# [Listed records]
============================================================

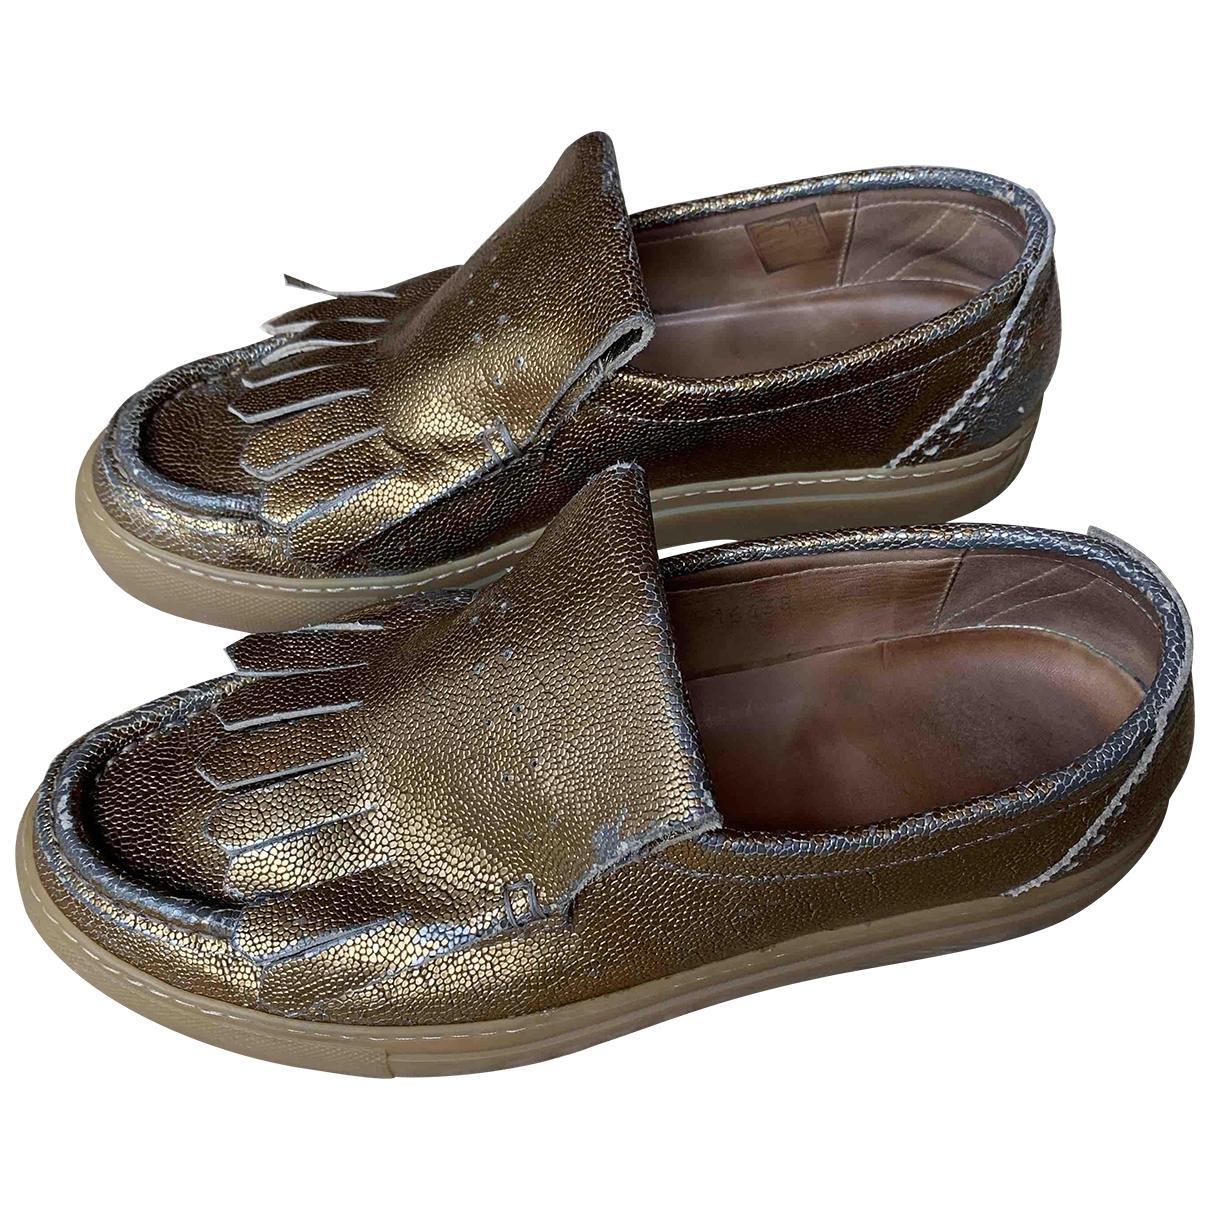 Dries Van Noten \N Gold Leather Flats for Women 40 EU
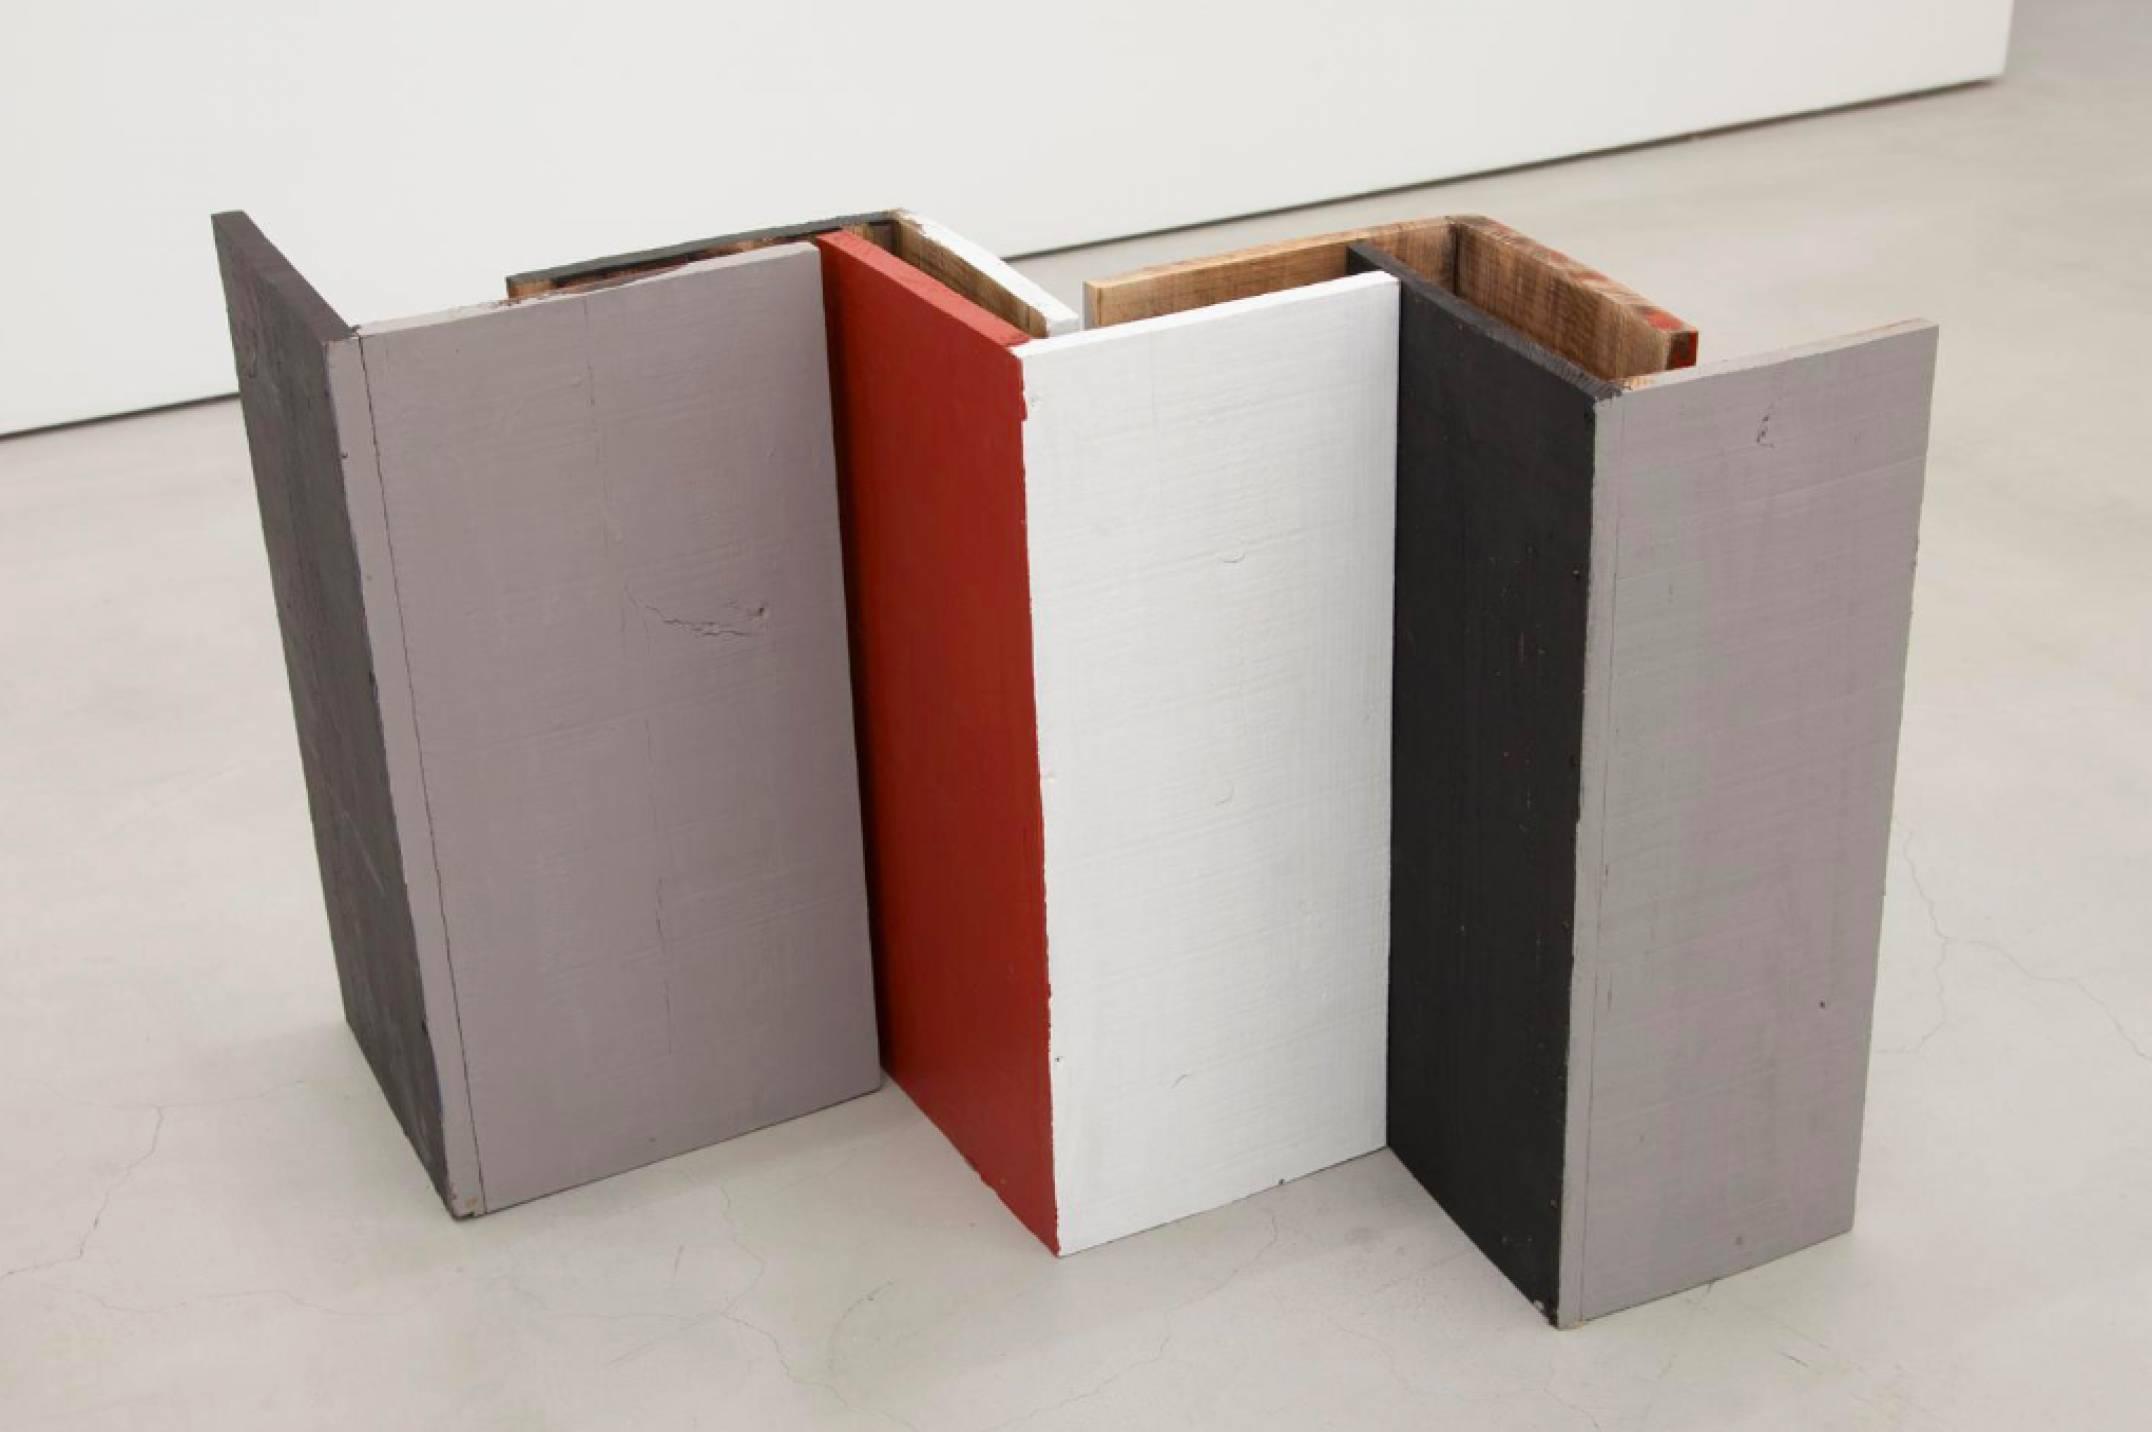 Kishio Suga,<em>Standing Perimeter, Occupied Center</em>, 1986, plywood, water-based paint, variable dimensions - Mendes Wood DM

============================================================

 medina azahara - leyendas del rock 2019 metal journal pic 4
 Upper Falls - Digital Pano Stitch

============================================================

# [Exercise objective]
How would the lines above read from the one with "Dries Van Noten" to the one with "Kishio Suga,<em>Standing Perimeter, Occupied", inclusive, with no pictures? Write them out exactly.

# [Written answer]
 Dries Van Noten \N Gold Leather Flats for Women 40 EU
 Kishio Suga,<em>Standing Perimeter, Occupied Center</em>, 1986, plywood, water-based paint, variable dimensions - Mendes Wood DM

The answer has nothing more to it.